Saudi Crown Prince Mohammed bin Salman, Indian Prime Minister Narendra and U.S. President Joe Biden shaking hands during PGII & India-Middle East-Europe Economics Corridor event at the G20 Summit on Sept. 9 in New Delhi

Saudi Crown Prince Mohammed bin Salman, Indian Prime Minister Narendra and U.S. President Joe Biden during PGII & India-Middle East-Europe Economics Corridor event at the G20 Summit on Sept. 9 in New Delhi

Daniel-Dylan Böhmer

-Analysis-

BERLIN — When world leaders are so keen to emphasize the importance of a project, we may well be skeptical. “This is a big deal, a really big deal,” declared U.S. President Joe Biden earlier this month.

The "big deal" he's talking about is a new trade and infrastructure corridor planned to be built between India, the Middle East and Europe.

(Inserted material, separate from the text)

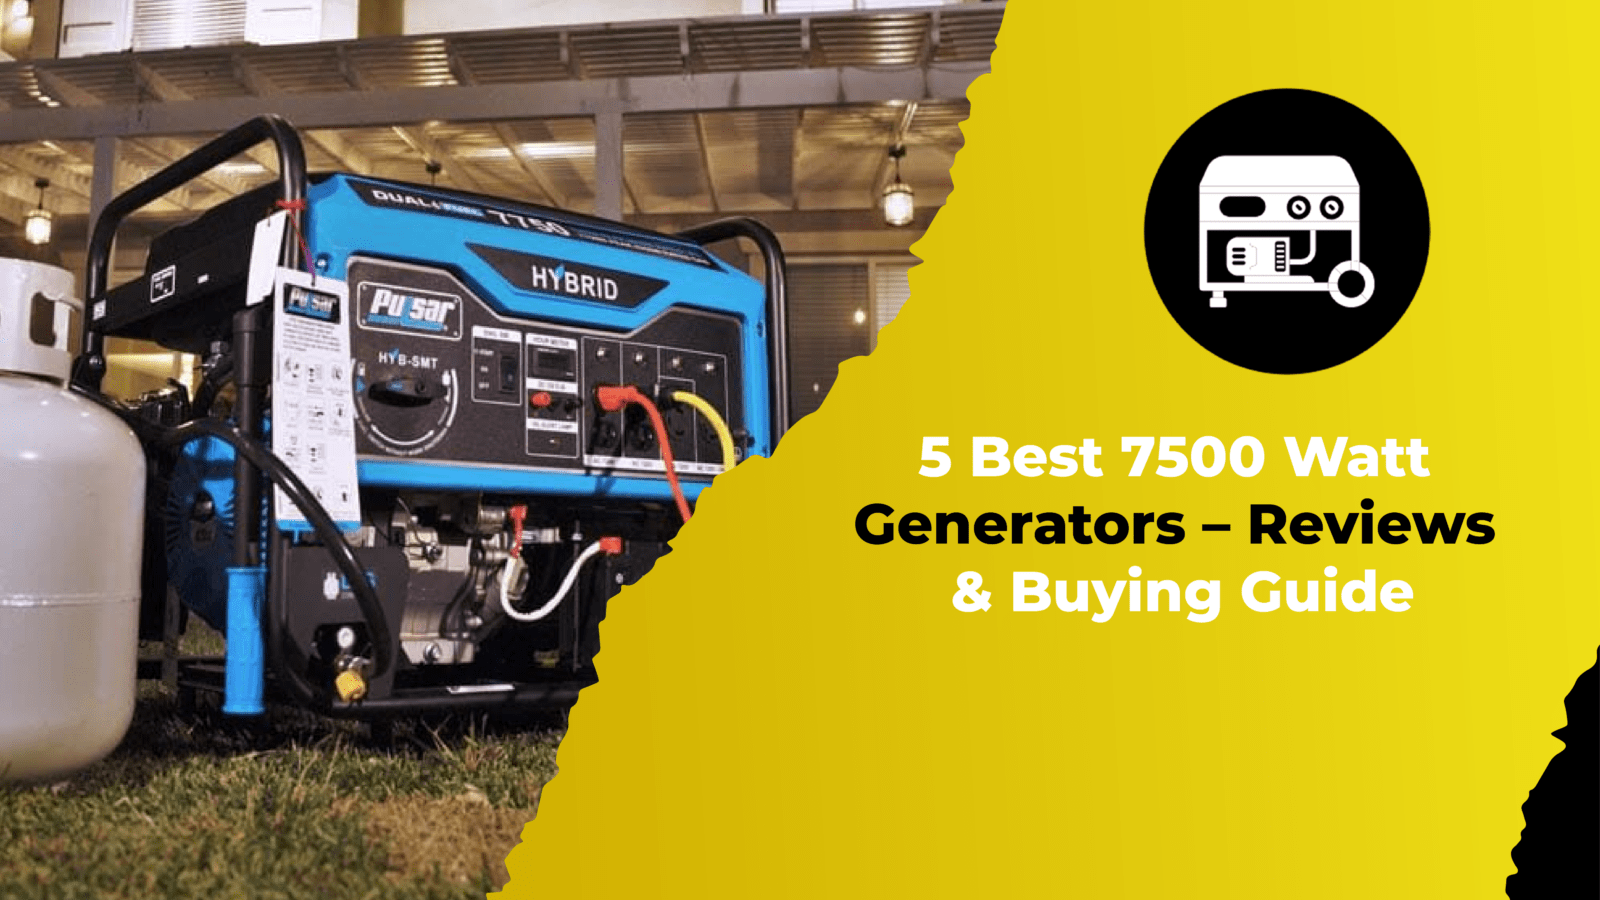 5 Best 7500 Watt Generators – Reviews & Buying Guide

Indian Prime Minister Narendra Modi described the project as a “beacon of cooperation, innovation and shared progress,” while President of the European Commission Ursula von der Leyen called it a “green and digital bridge across continents and civilizations."

The corridor will consist of improved railway networks, shipping ports and submarine cables. It is not only India, the U.S. and Europe that are investing in it – they are also working together on the project with Saudi Arabia, Israel and the United Arab Emirates.

Saudi Arabia is planning to provide $20 billion in funding for the corridor, but aside from that, the sums involved are as yet unclear. The details will be hashed out over the next two months. But if the West and its allies truly want to compete with China's so-called New Silk Road, they will need a lot of money.